ChatLLM.cpp: A Comprehensive Overview
Introduction
ChatLLM.cpp is a captivating project designed to facilitate real-time chatting by utilizing a variety of models ranging from less than 1 billion to over 300 billion parameters. This project operates efficiently on personal computers using CPU and is implemented entirely in C++ leveraging the ggml library by GitHub user @ggerganov. Through its innovative design, ChatLLM.cpp provides seamless and efficient live chat capabilities.
Noteworthy Updates
The project is continually evolving, with recent enhancements including the release of LlaMA 3.2 in September 2024, support for Qwen 2.5, and the introduction of several other models such as OLMoE and MiniCPM3. In addition, tool calling features and integration with the OpenAI API have been added, expanding the project's functionality and compatibility.
Key Features
- Efficient CPU Inference: ChatLLM.cpp employs int4/int8 quantization and optimized KV caches, enhancing its computational efficiency.

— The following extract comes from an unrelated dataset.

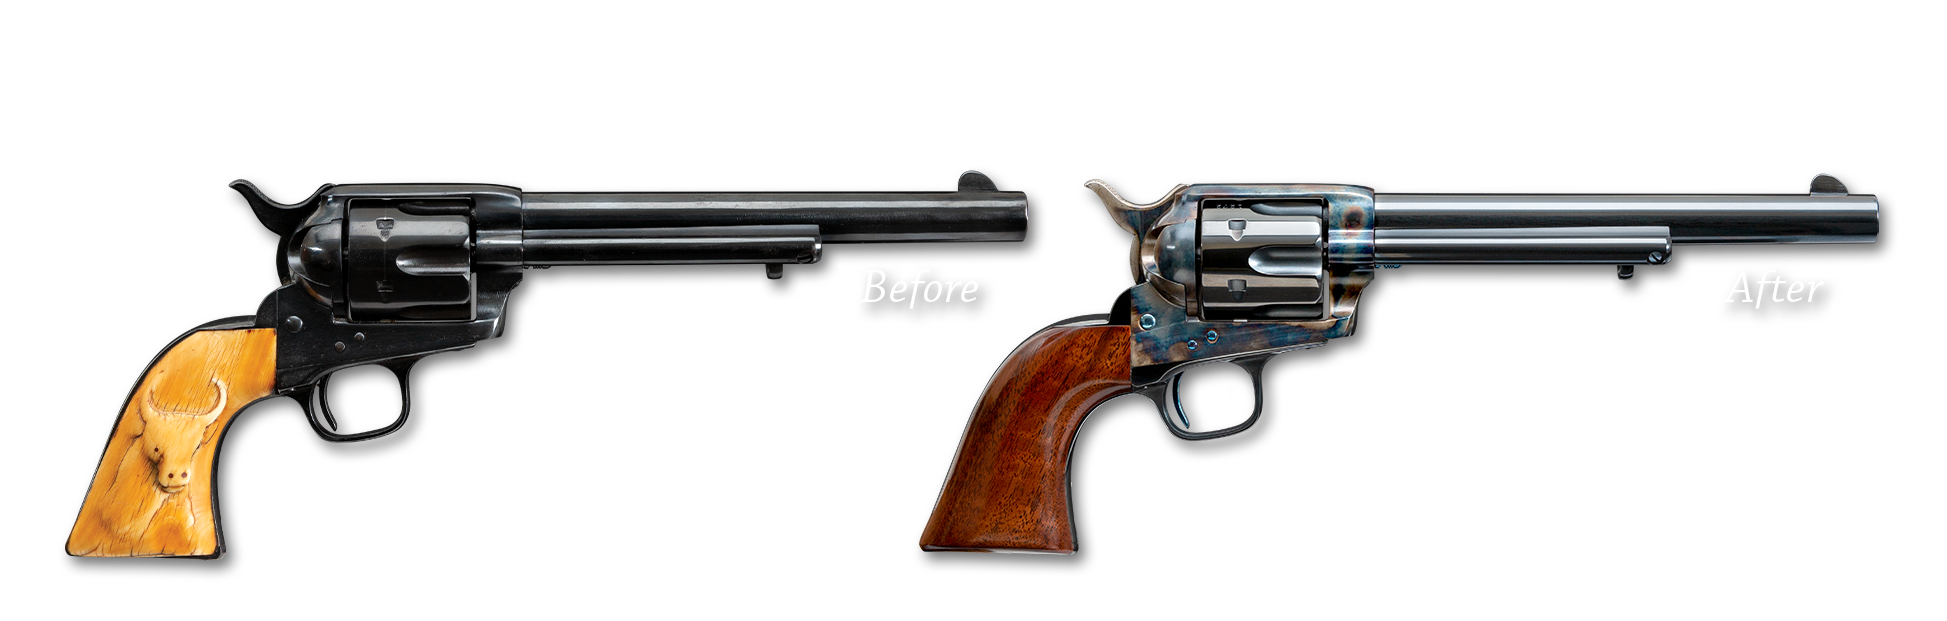 Photo of a Colt Super Match .38 Super Automatic pistol, both before and after restoration by Turnbull Restoration of Bloomfield, NY

- OOP Design: Object-oriented programming is utilized to manage similarities across different Transformer-based models.
- Streaming Generation: The typewriter effect enhances the chatting experience.
- Continuous Chatting: Chat conversations can extend indefinitely through "Restart" and "Shift" methods.
- Retrieval Augmented Generation (RAG): This feature enhances real-time chat capabilities.
- LoRA Models: The project supports numerous LoRA models alongside its standard offerings.
- Versatile Bindings: ChatLLM.cpp provides Python, JavaScript, and C bindings, allowing for a variety of applications and web demos.
Getting Started
Starting with ChatLLM.cpp is straightforward with simple commands. Users can begin with python chatllm.py -i -m :model_id
. Comprehensive instructions are available in the project's quick start guide.
Usage Instructions
Preparation
Begin by cloning the repository using:
git clone --recursive https://github.com/foldl/chatllm.cpp.git && cd chatllm.cpp
In case the --recursive
option was omitted, run the following to initialize submodules:
git submodule update --init --recursive
Model Quantization
Supporting various models, ChatLLM.cpp allows users to transform models into a quantized format using convert.py
. Installation requirements for this tool can be fulfilled with:
pip install -r requirements.txt
Then, models can be converted as follows:
python3 convert.py -i path/to/model -t q8_0 -o quantized.bin
If merging a LoRA model, use:
python3 convert.py -i path/to/model -l path/to/lora/model -o quantized.bin
Building the Project
ChatLLM.cpp can be built through several methods:
-
Using
make
: Set up the Windows environment using w64devkit, then execute:make
-
Using
CMake
: On Linux or Windows, execute:cmake -B build cmake --build build -j
Execution
To chat with a quantized model, run commands such as:
./build/bin/main -m chatglm-ggml.bin
For interactive mode, include the -i
flag:
rlwrap ./build/bin/main -m model.bin -i
You can explore additional options using ./build/bin/main -h
.
Acknowledgments and Note
The project is an evolution of ChatGLM.cpp, and it would not have been possible without contributions from various sources. It remains a hobby project under active development. Feature contributions are not currently accepted, but bug fixes are welcomed with open arms.